ABOUT THIS EXERCISE ▸ Only the lines from the one that contains "Guangzhou Professional Shaker" to the last line below, both included, should be transcribed. Pictures stay out of the copy.

SOURCE DATA ▸

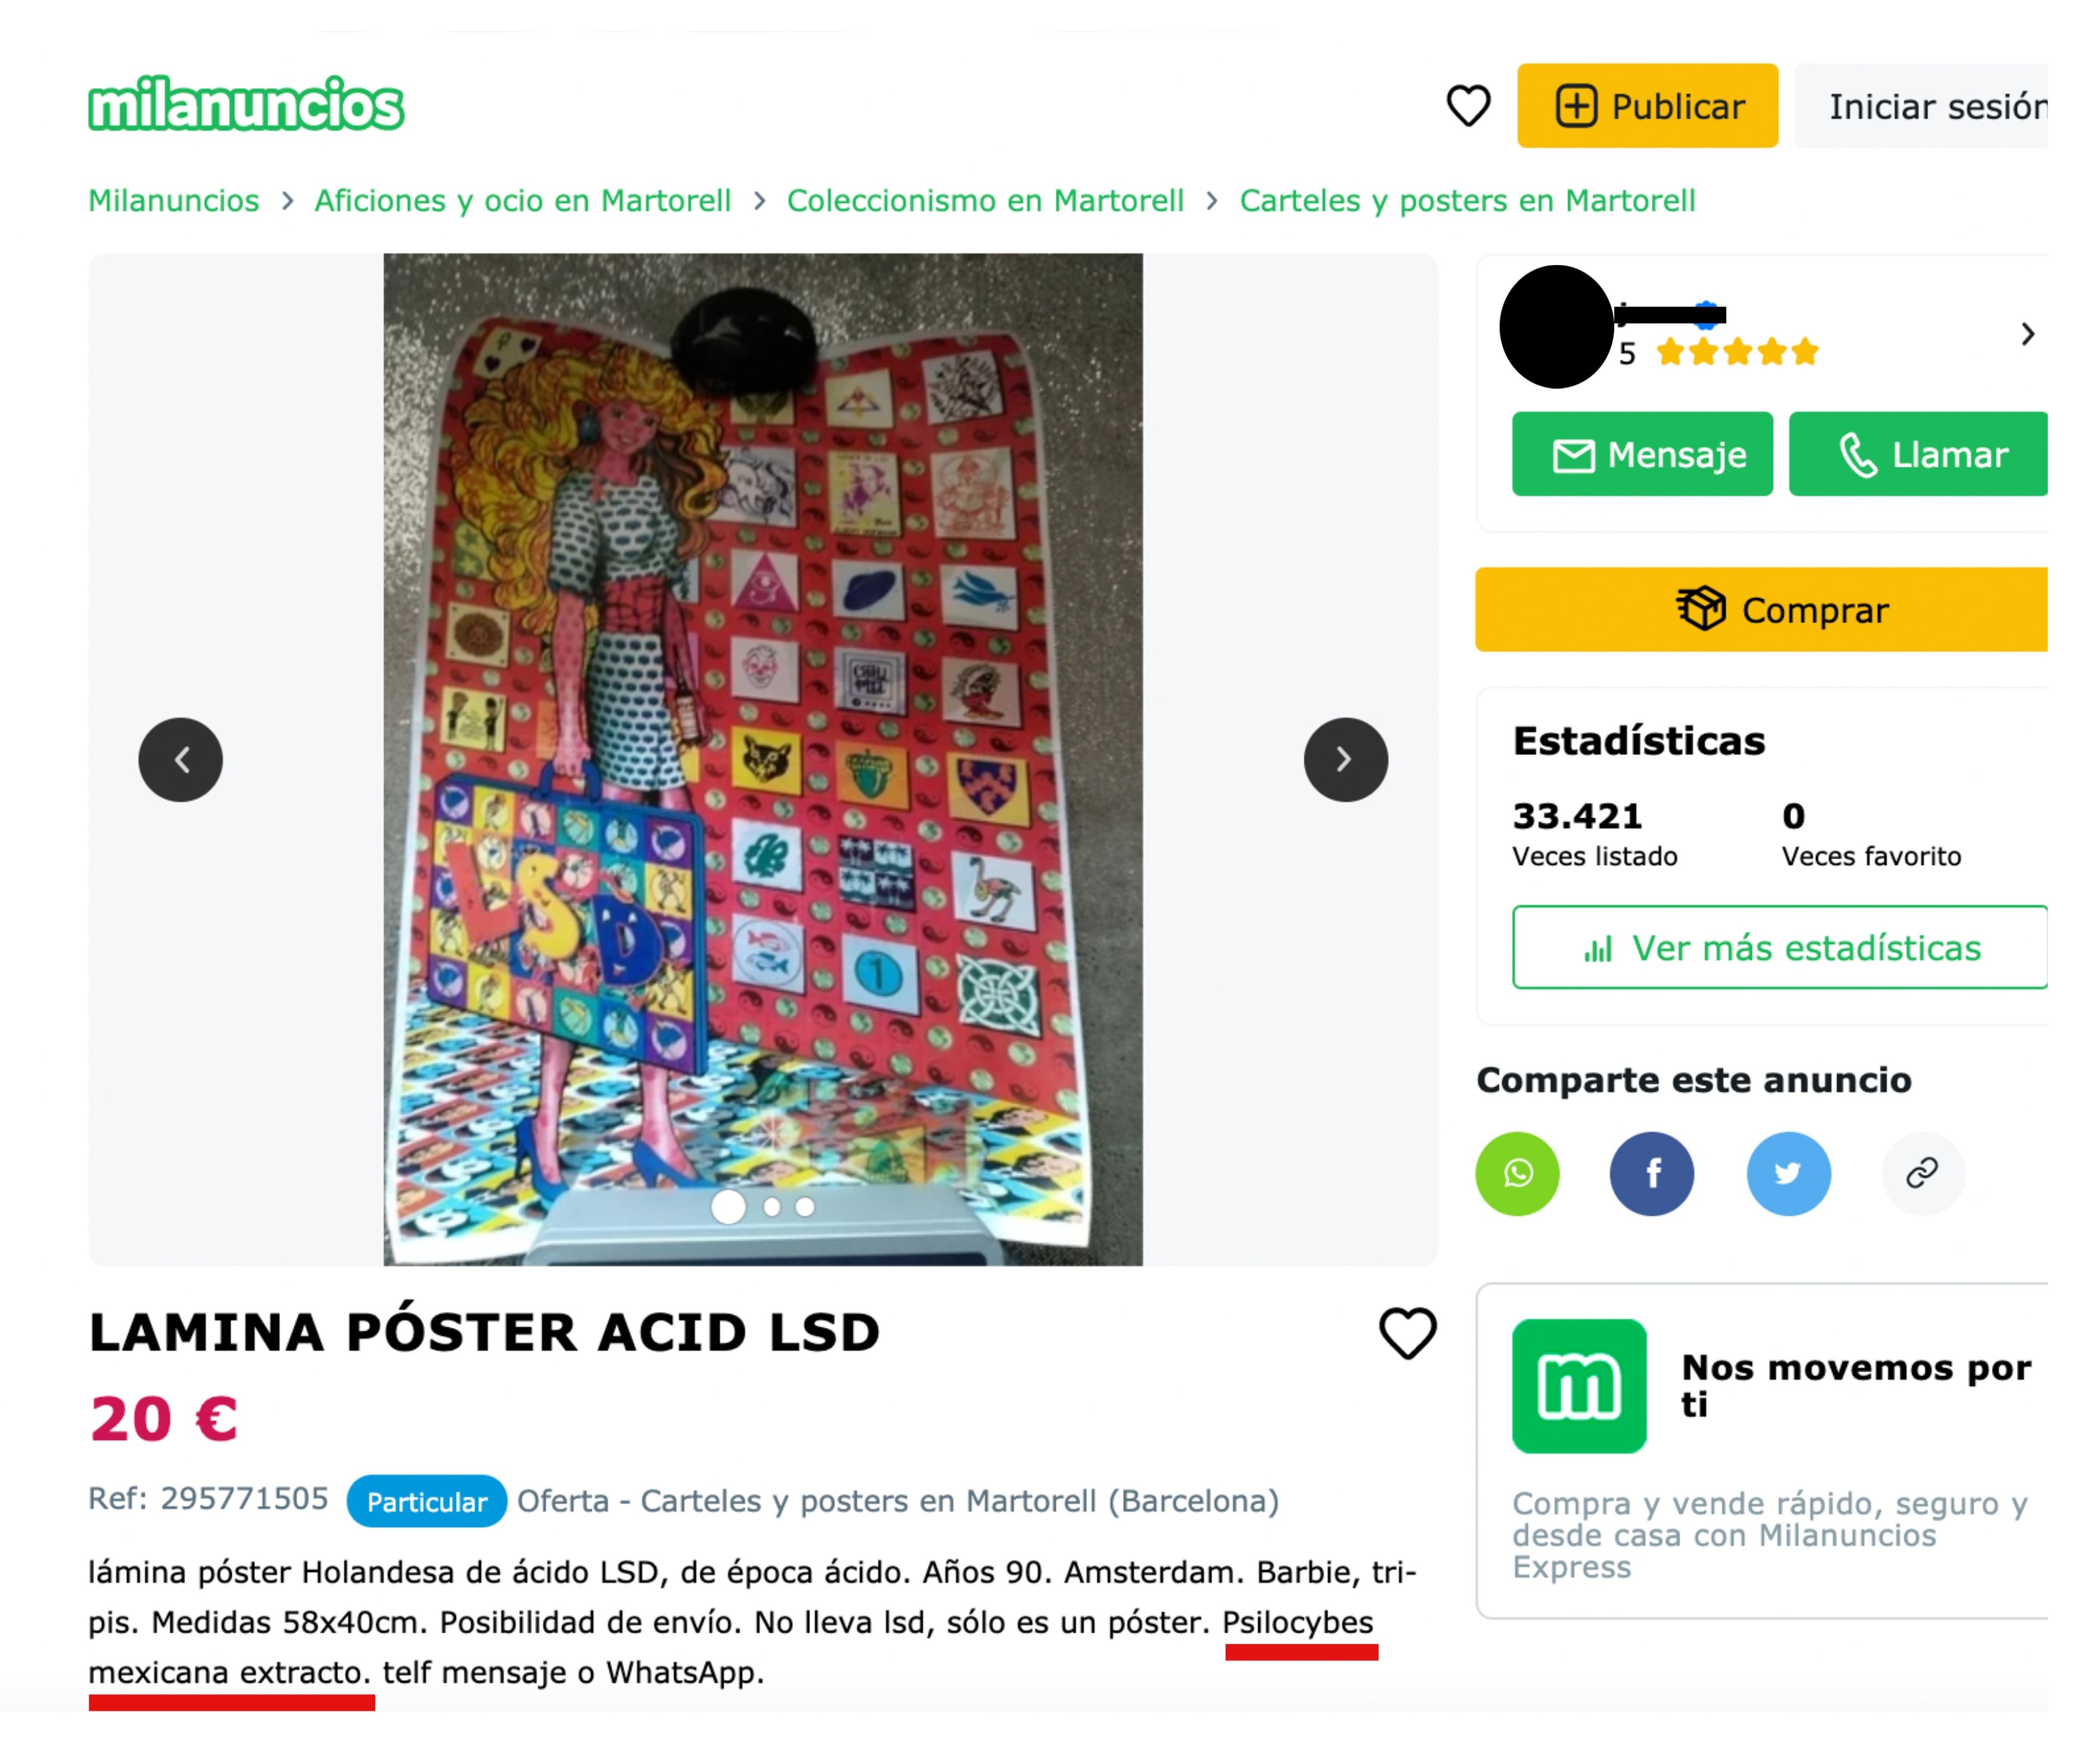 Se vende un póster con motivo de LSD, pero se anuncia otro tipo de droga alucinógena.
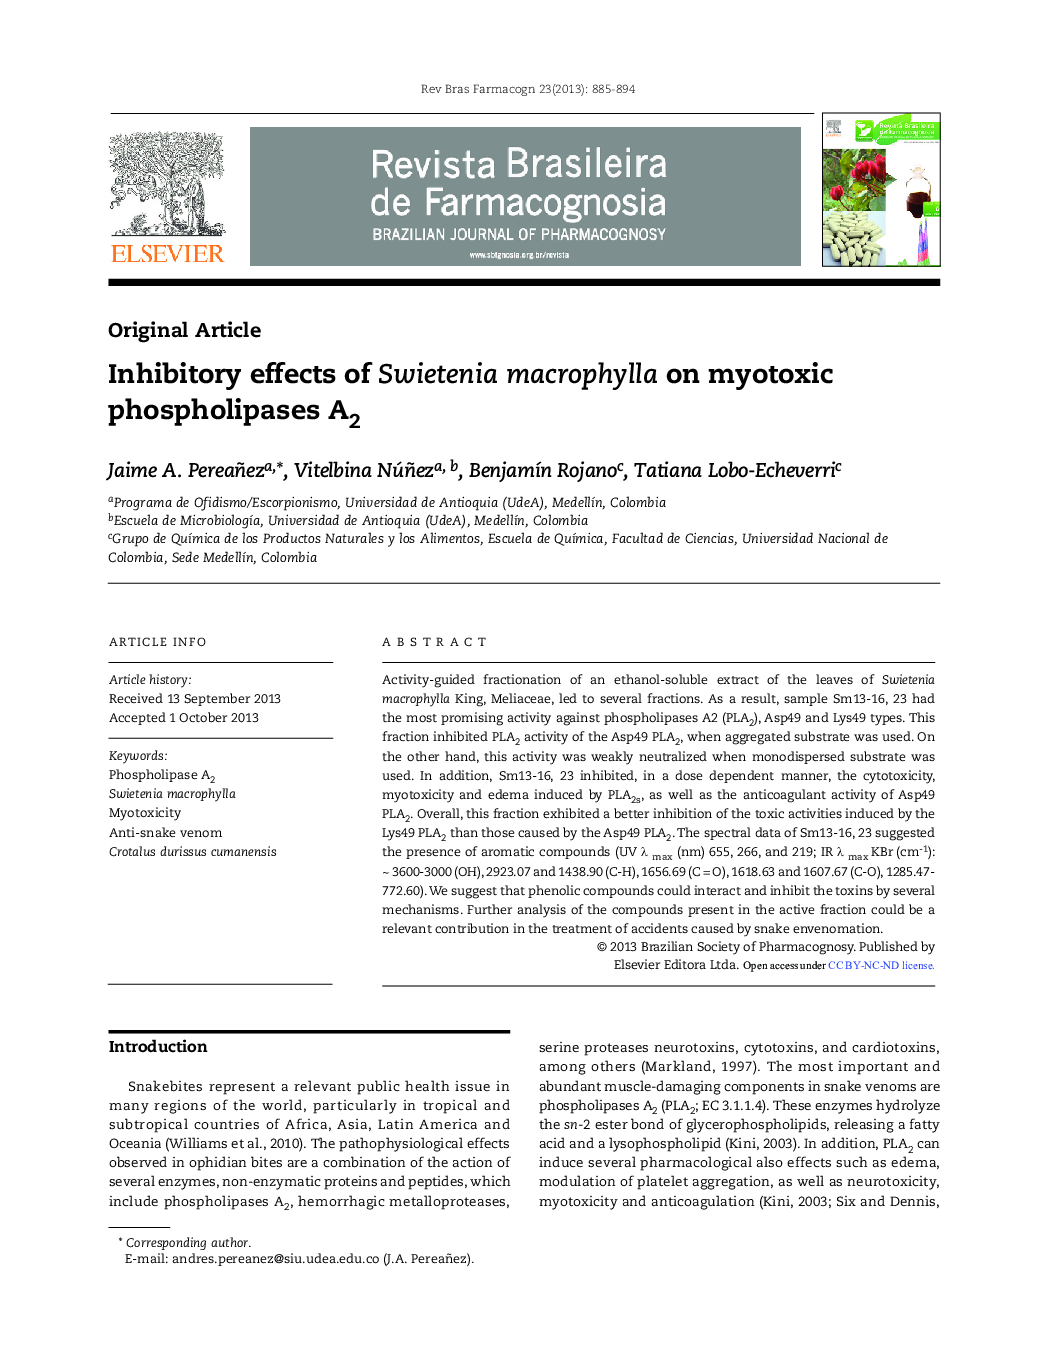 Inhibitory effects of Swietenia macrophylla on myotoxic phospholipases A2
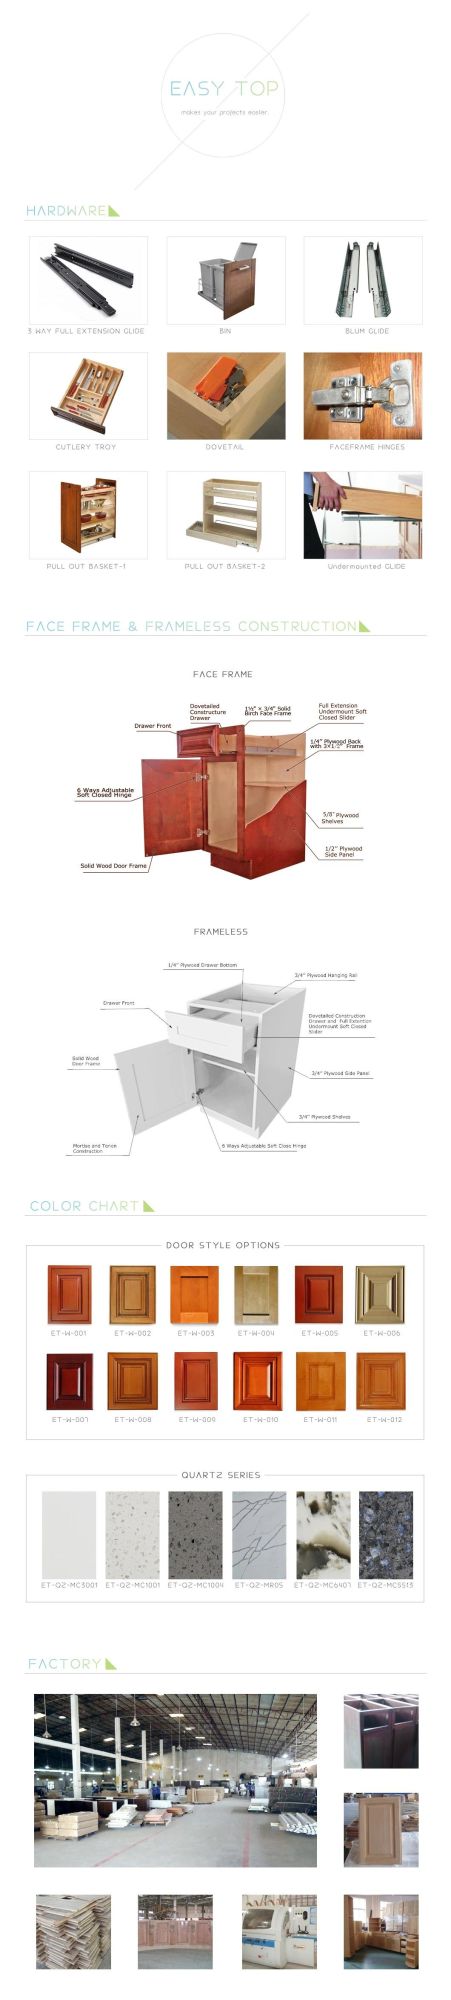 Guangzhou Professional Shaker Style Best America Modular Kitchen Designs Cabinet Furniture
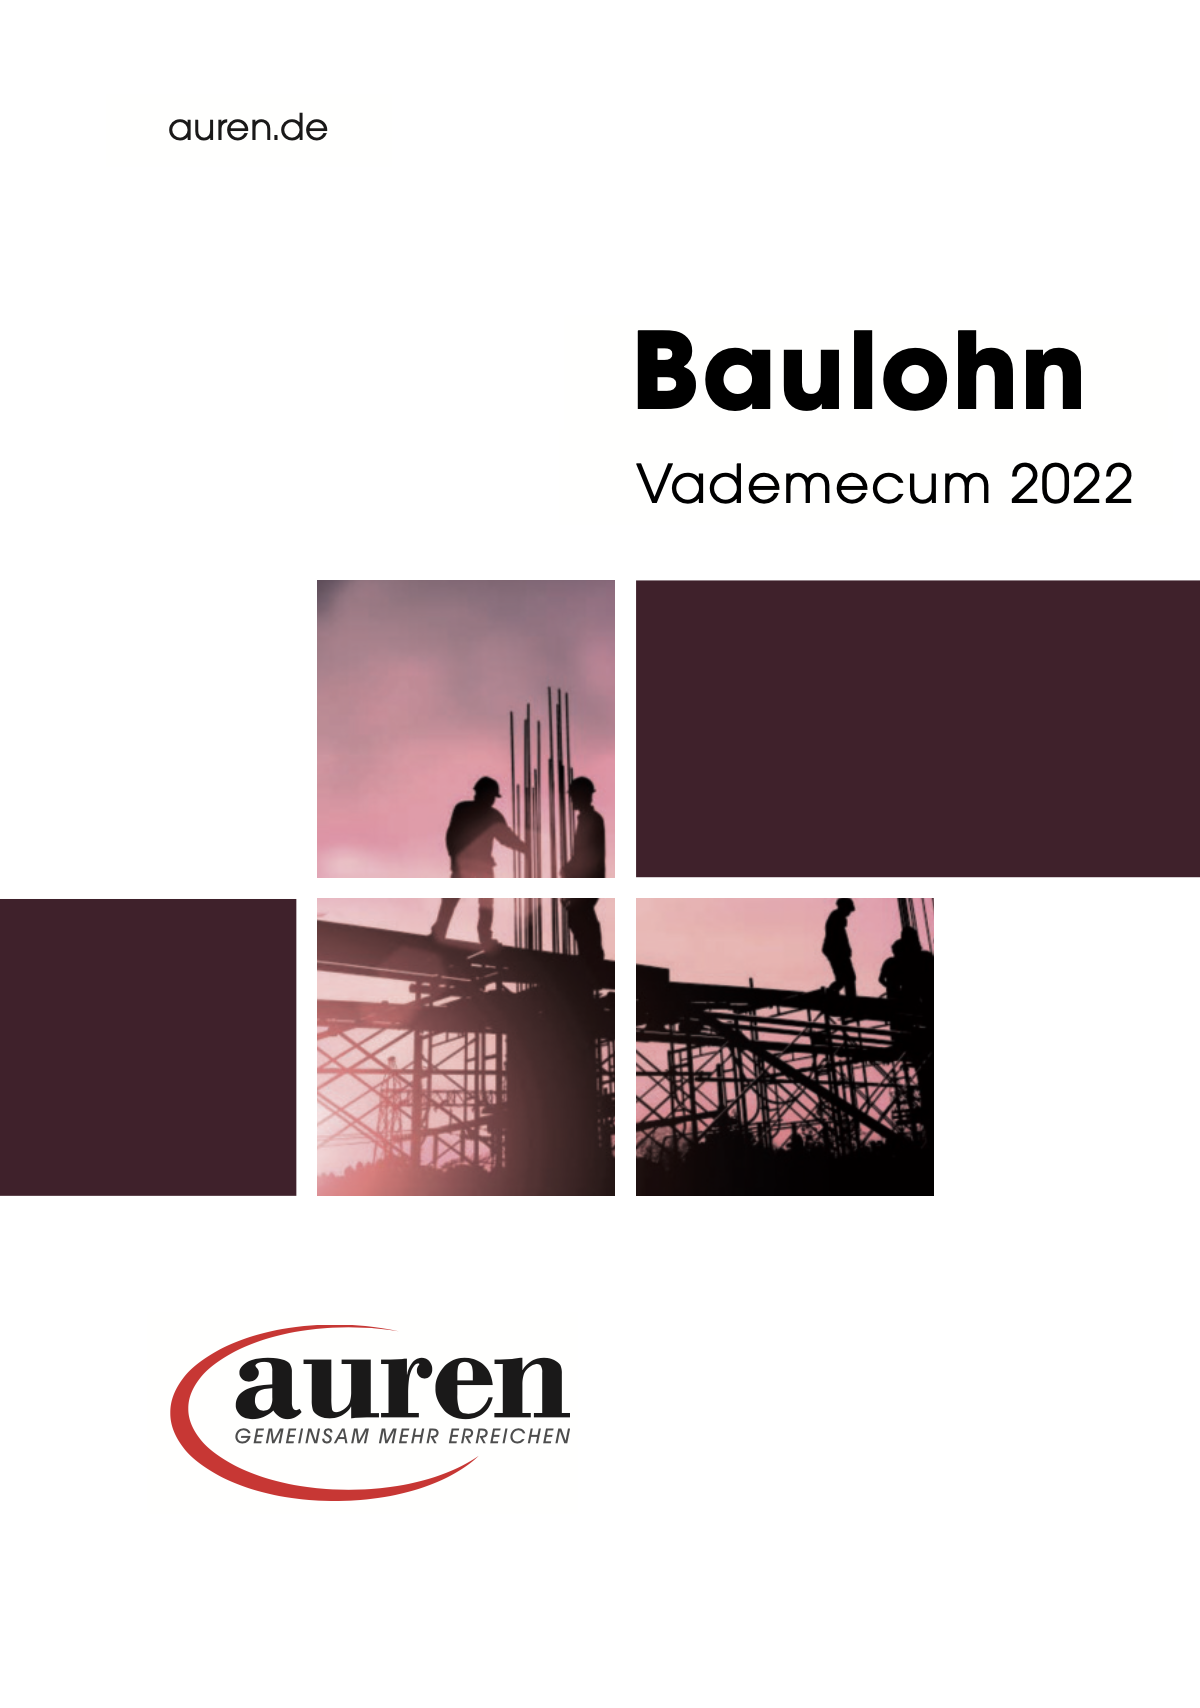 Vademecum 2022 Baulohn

RESULT BELOW ▸
 Guangzhou Professional Shaker Style Best America Modular Kitchen Designs Cabinet Furniture
 Vademecum 2022 Baulohn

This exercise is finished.